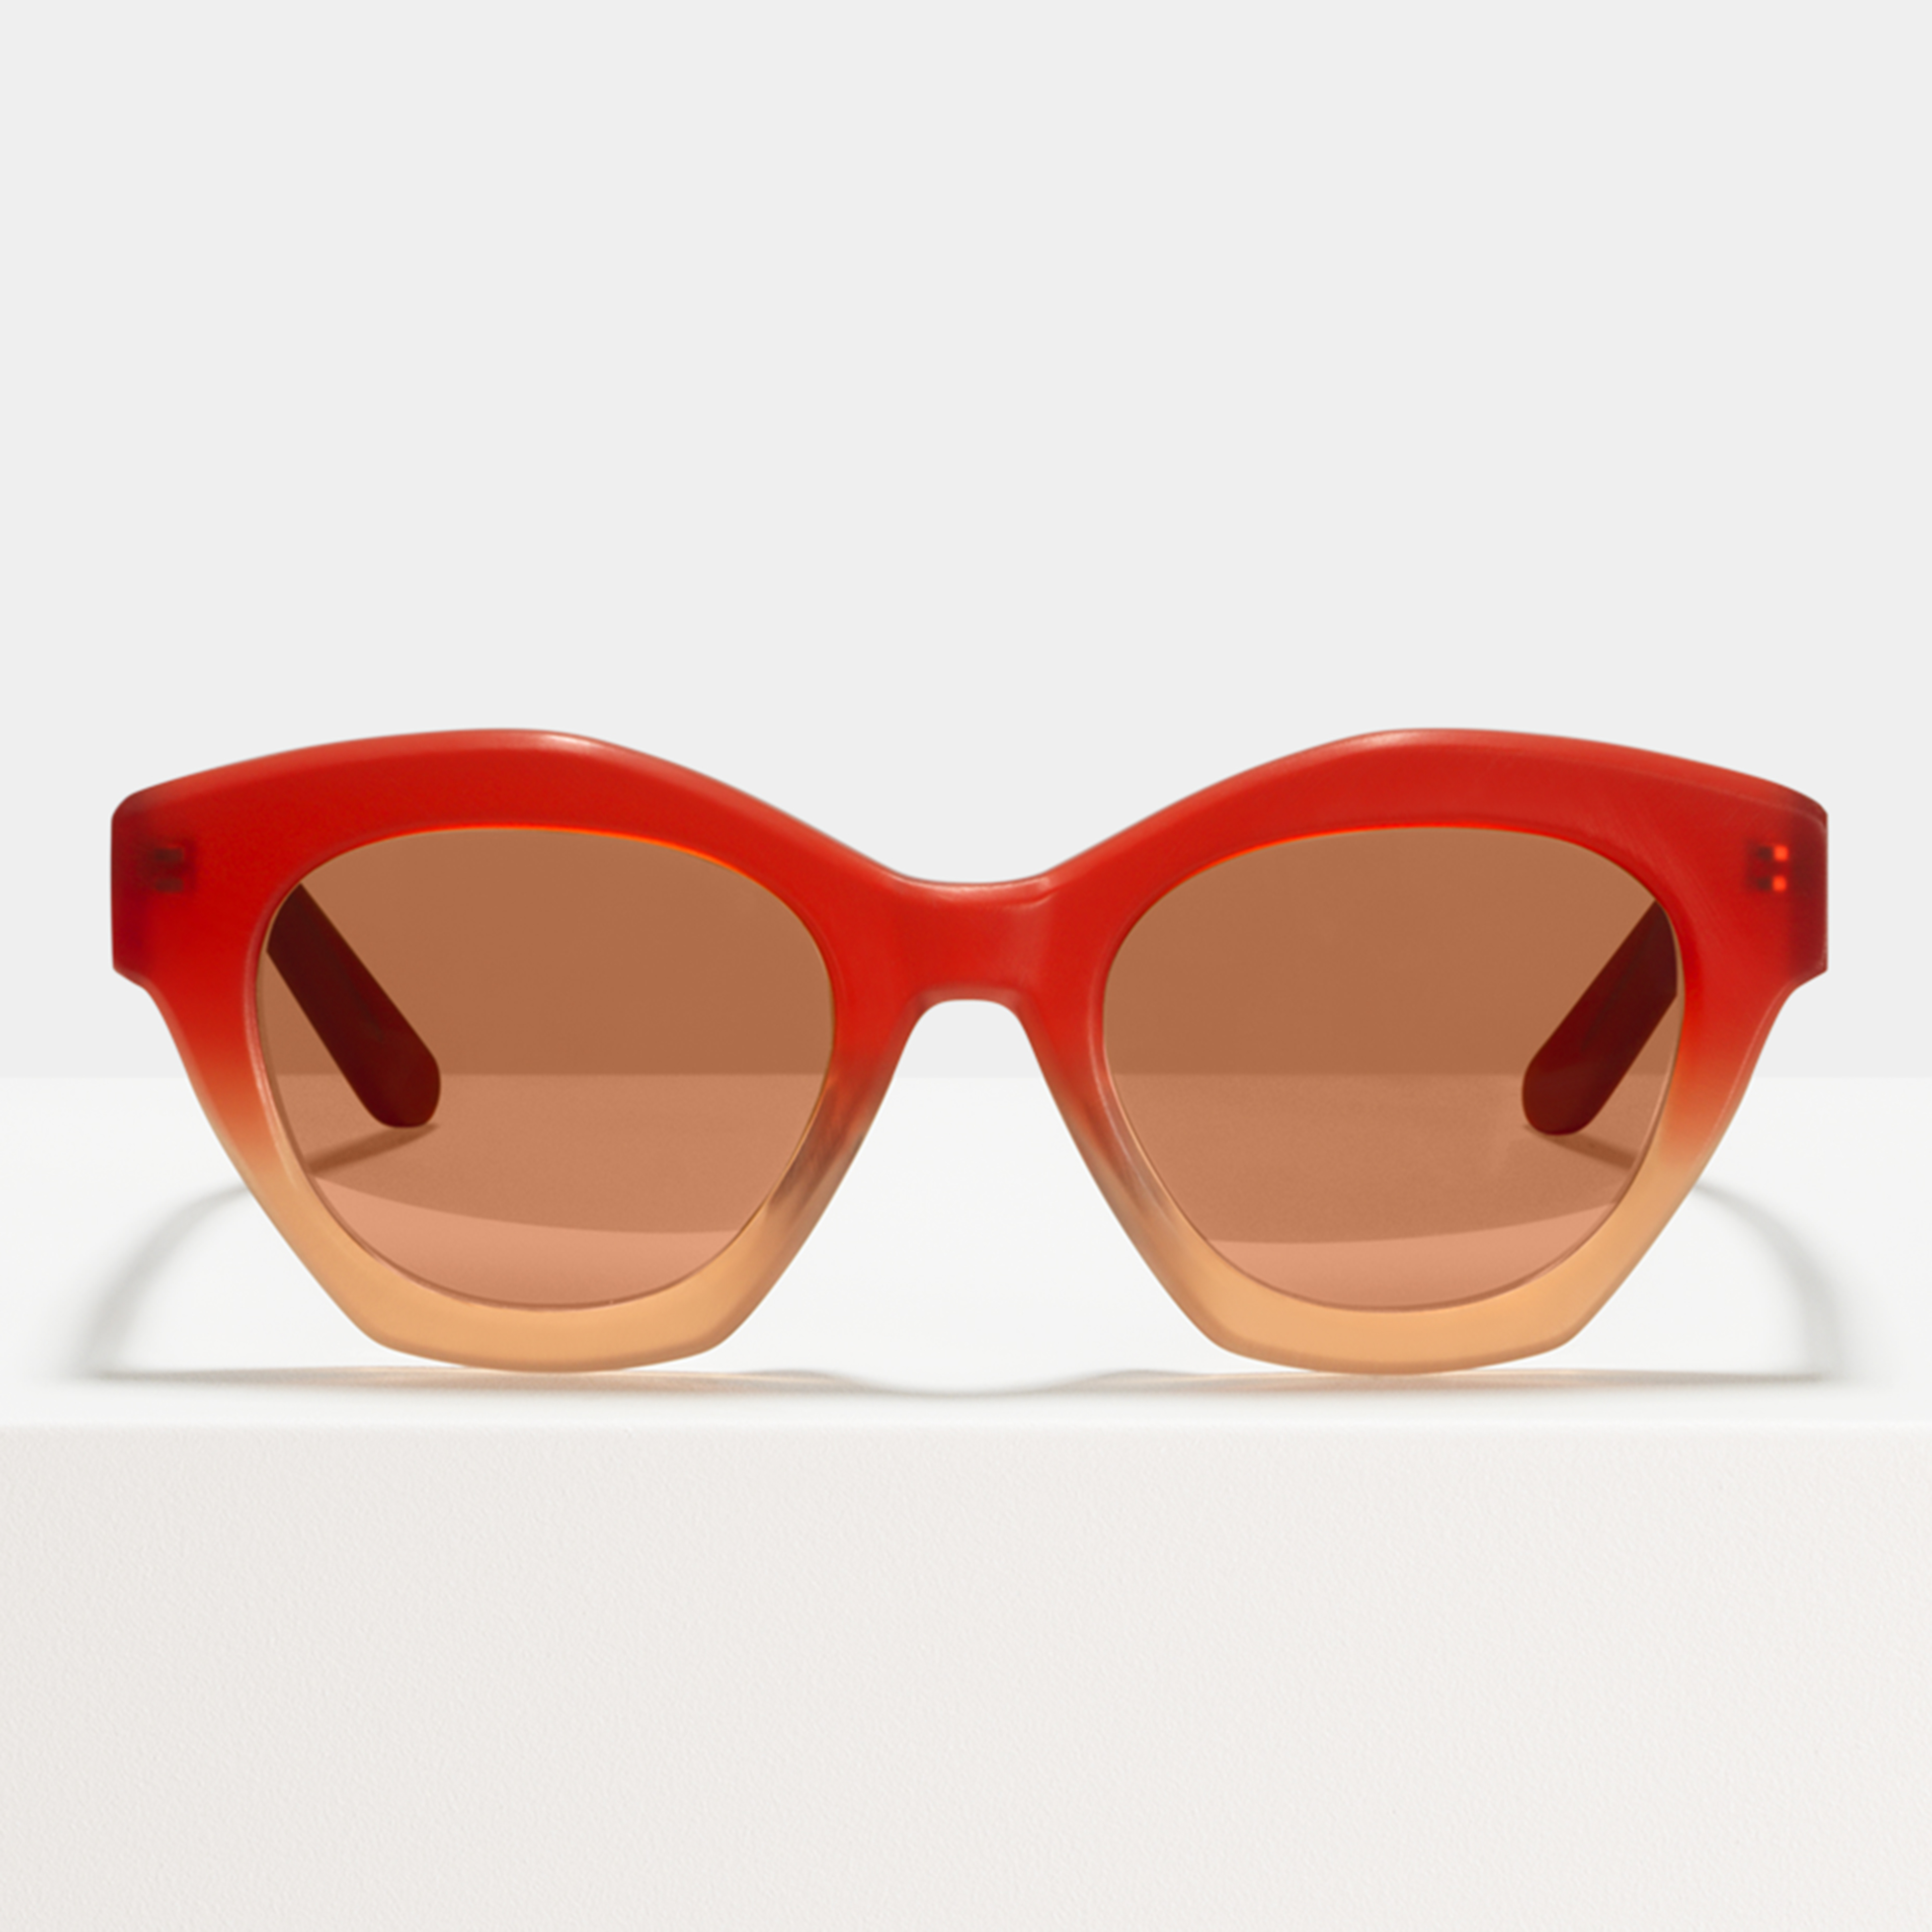 Ace & Tate Sunglasses |  Acetate in Orange, Red
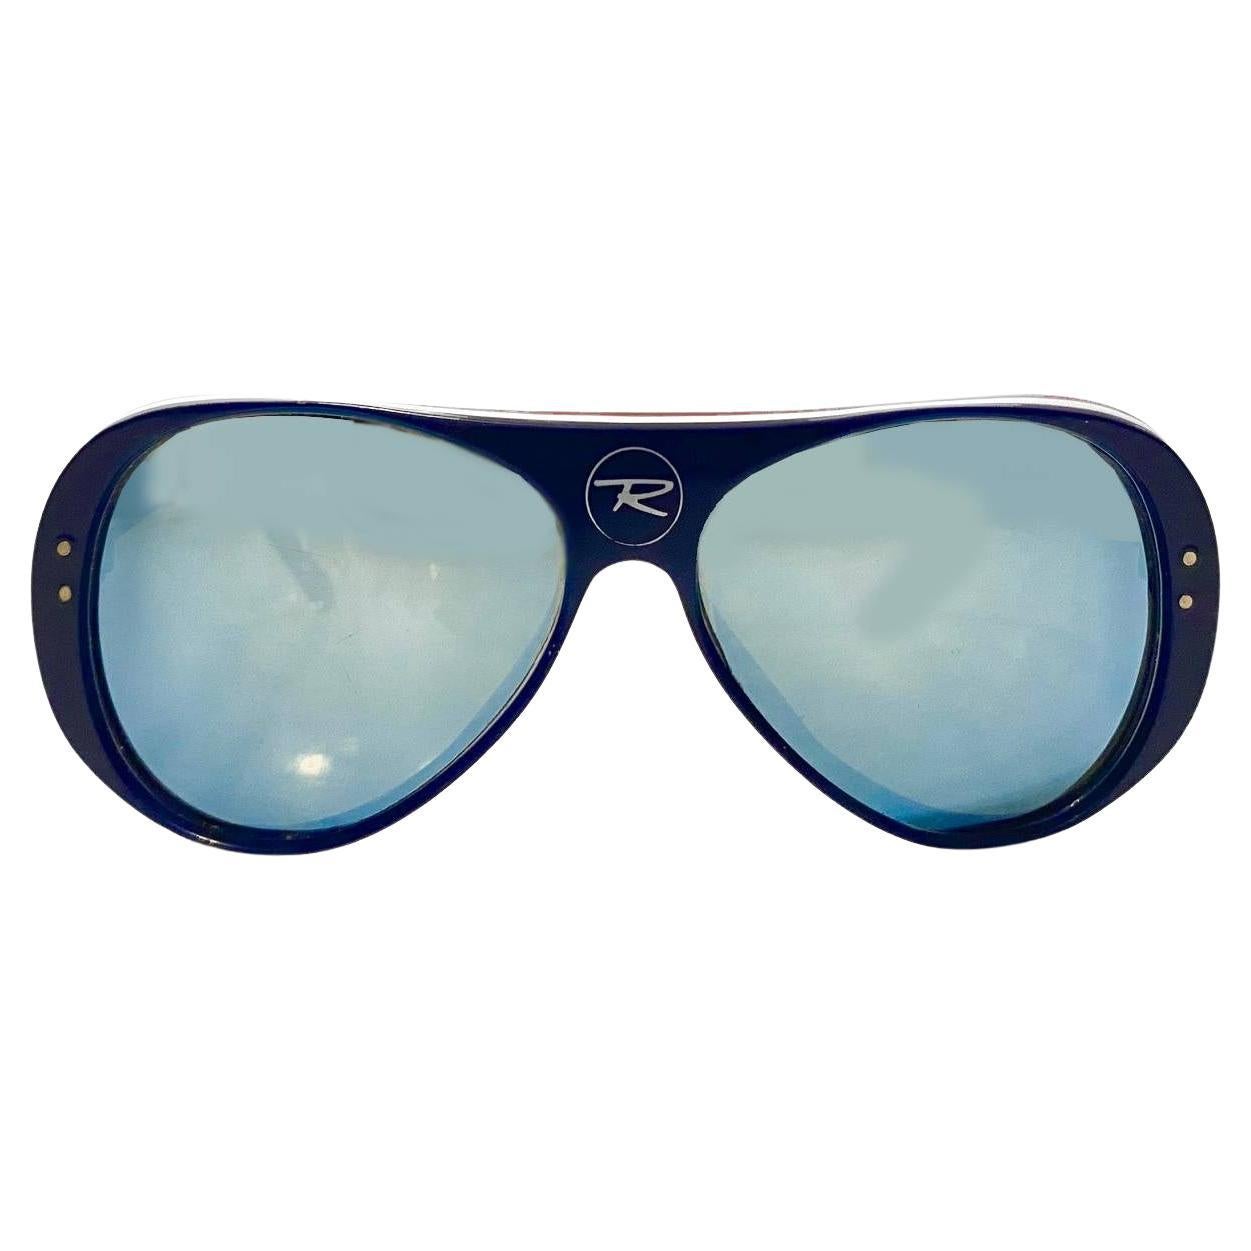 1980s Rossignol Mirrored Sunglasses 
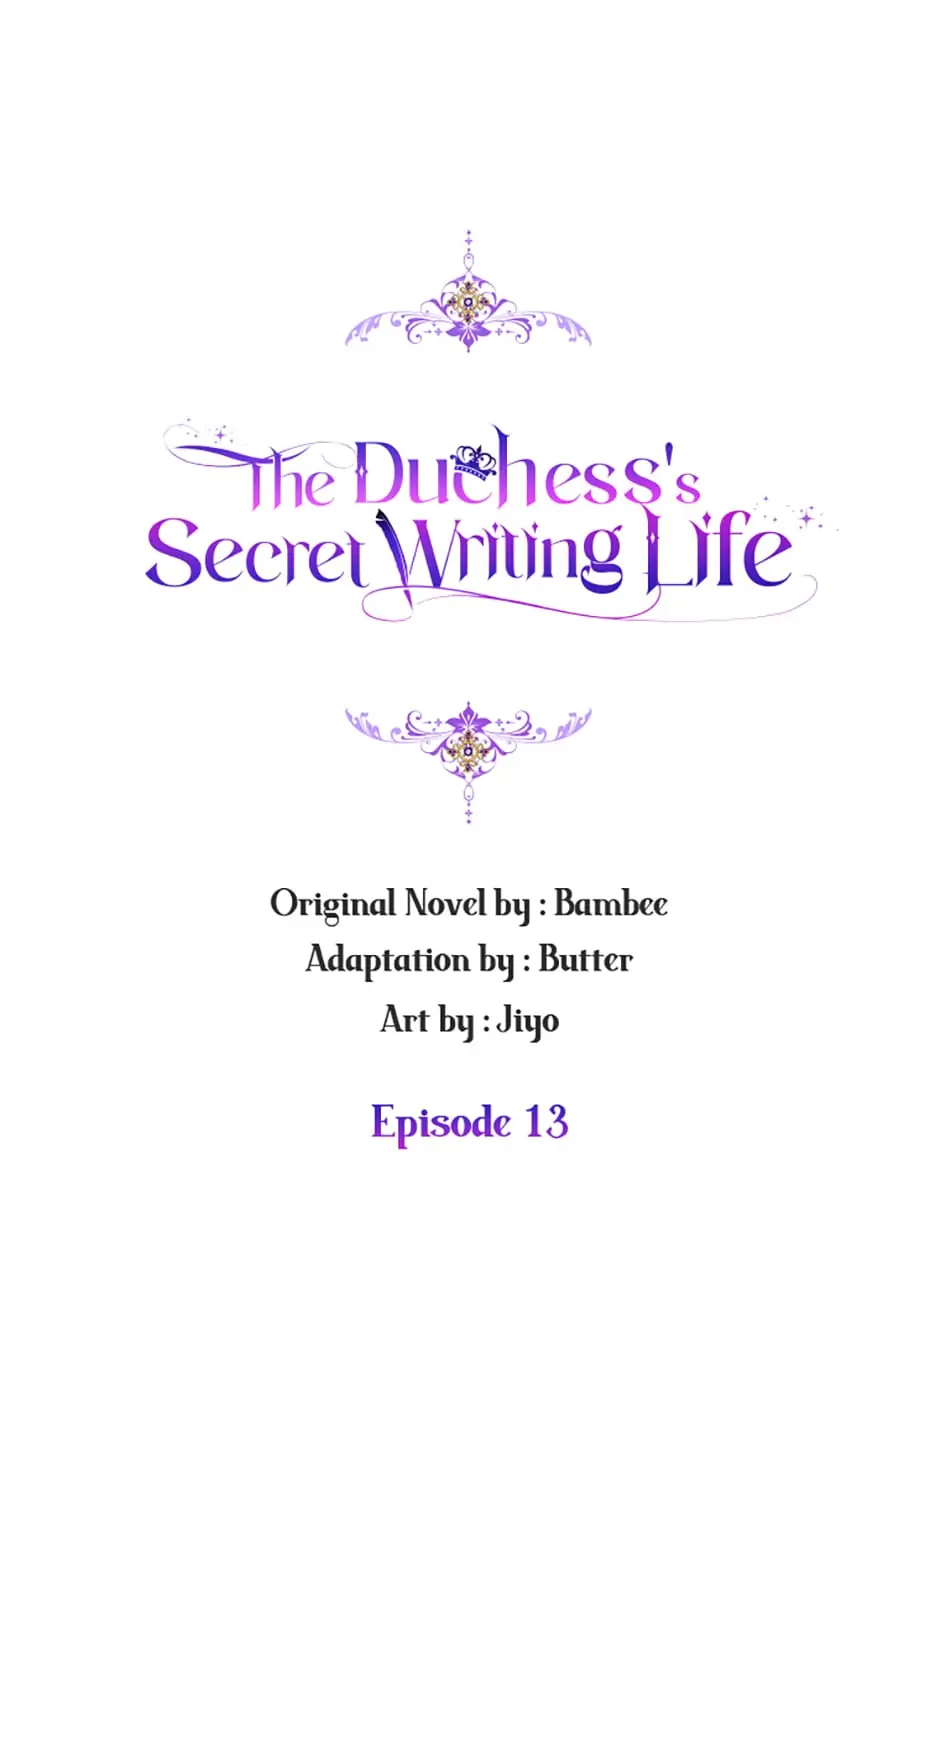 The Duchess’ Secret Writings chapter 13

________________________________________

**About this task**
Every last line above must be reproduced as written, and no pictures belong in the copy.

**Your solution**
 Ace & Tate Sunglasses |  Acetate in Orange, Red
 1980s Rossignol Mirrored Sunglasses 
 The Duchess’ Secret Writings chapter 13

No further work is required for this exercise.